# Need an explanation for Null Vectors

1. Sep 8, 2014

### cy6nu5

So I have an issue understanding how to compute a matrix using the Minkowski metric as a null (read light-like) spacetime vector.
As best I can understand it, it is a vector which has all velocity in the spacial components and none in time.
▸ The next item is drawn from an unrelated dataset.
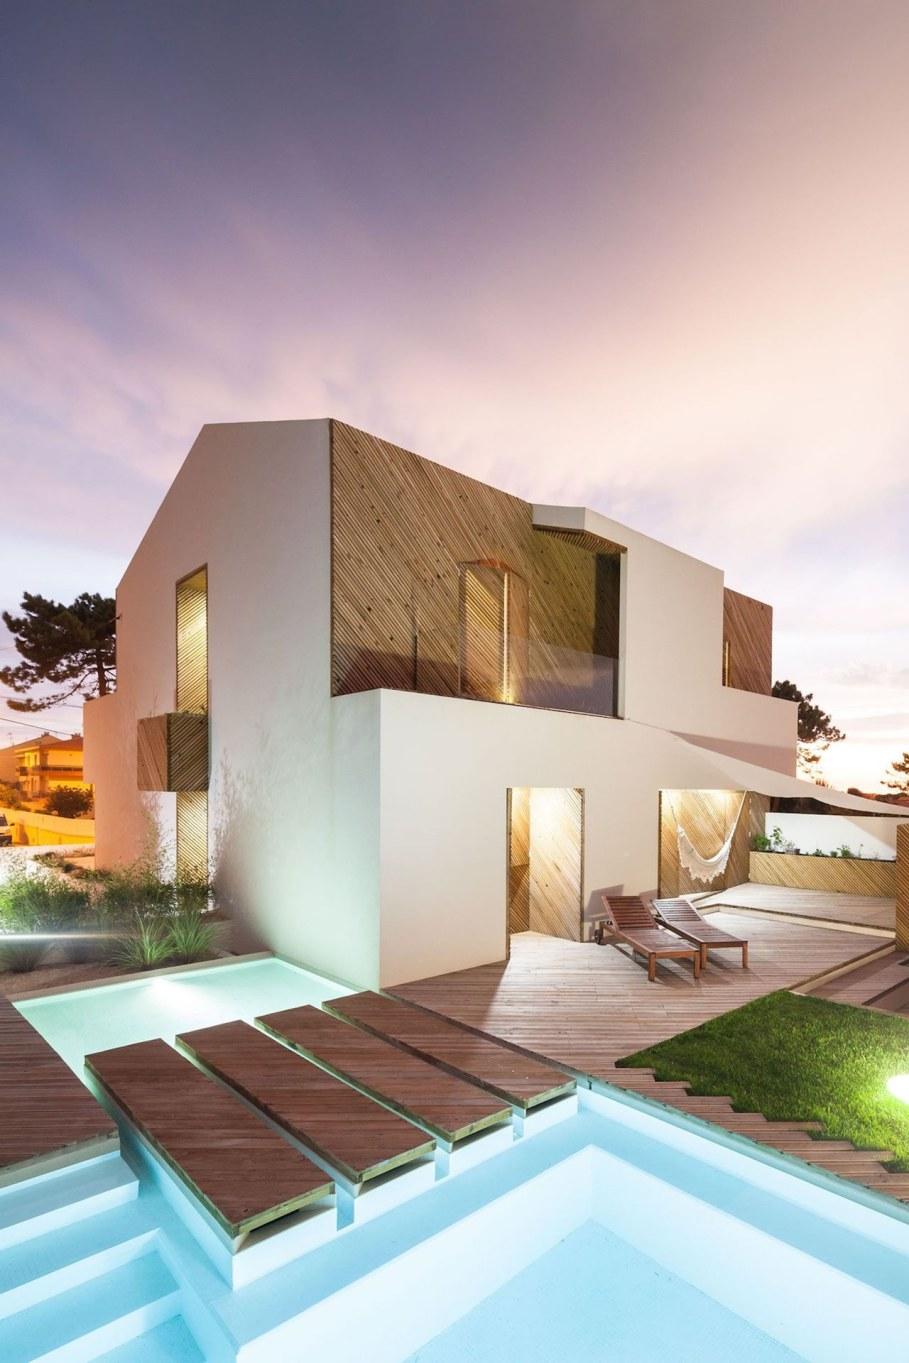 Silver Wood House By Ernesto Pereira 13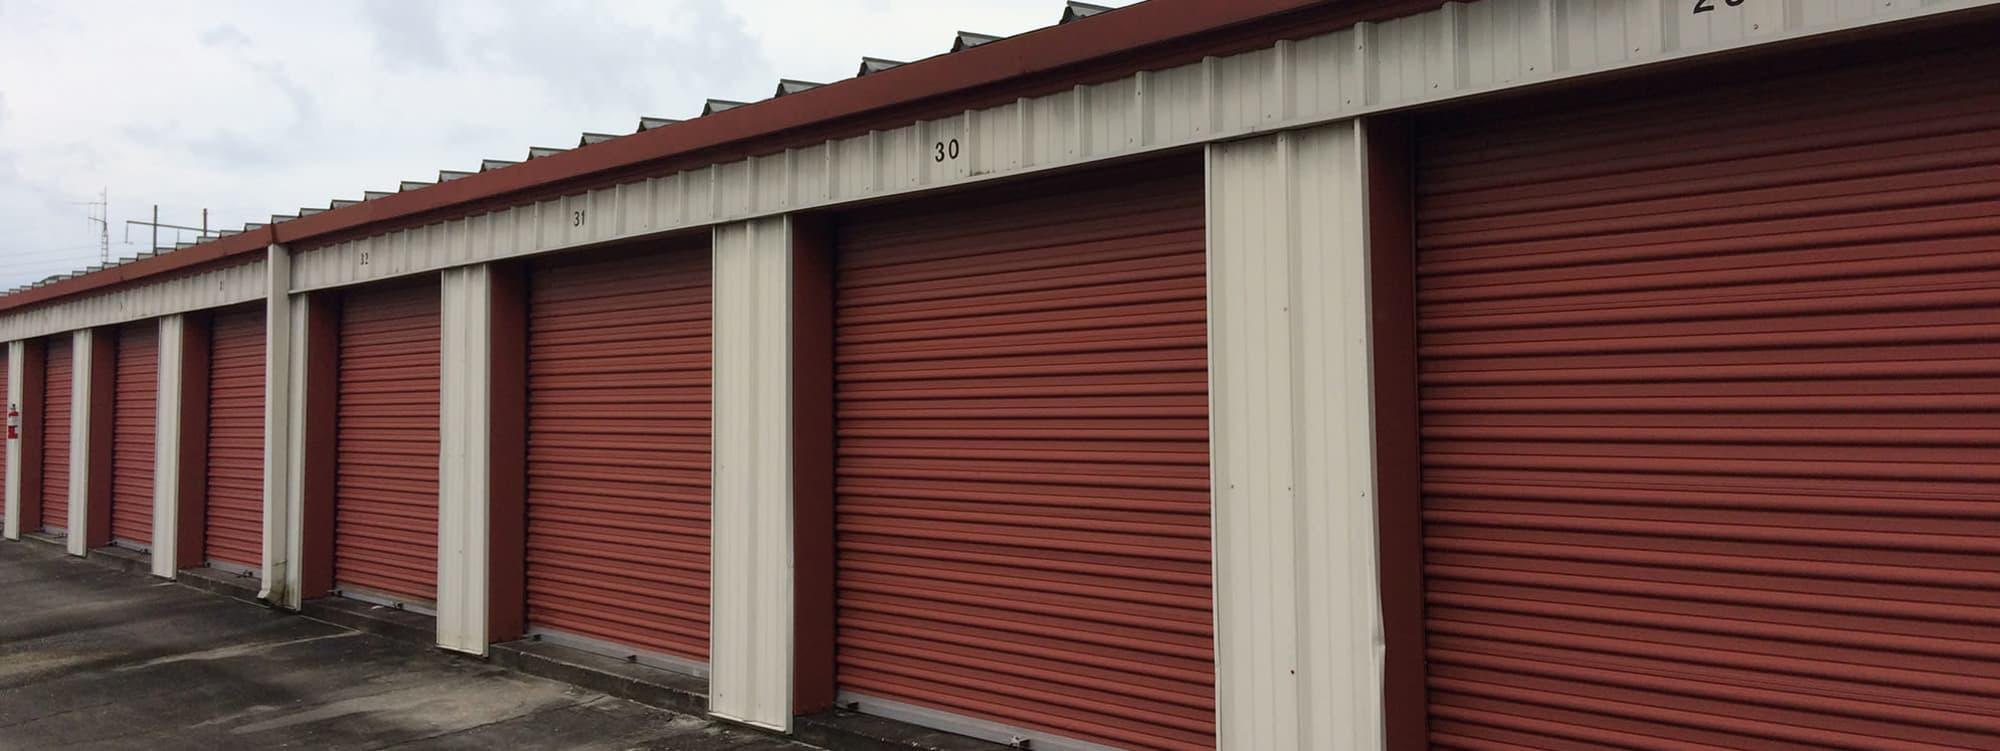 Self storage in Panama City FL

Also, would a vector that transcends the speed of light mean that you are traveling through negative time? I don't really get how I should interpret a vector that is inside the light cone.

So I have
[-1 0 0 0]
[0 1 0 0 ]
[0 0 1 0 ]
[0 0 0 1 ]
for my matrix denoting the Minkowski metric (probably using wrong terminology)
what would a vector that determines a null vector be?

2. Sep 9, 2014

### sweet springs

Definition of Null Vevtor

$$\Lambda_{\mu\nu}$$ be your matrix, null vector $$x^\mu$$ satisfies the relation

$$x^\mu\Lambda_{\mu\nu} x^\nu=\Lambda_{\mu\nu} x^\nu x^\mu=0$$

Best

3. Sep 9, 2014

### pervect

Staff Emeritus
I'm not sure why you said velocity?, I hope I haven't misunderstood the question as a consquence of assuming you meant component.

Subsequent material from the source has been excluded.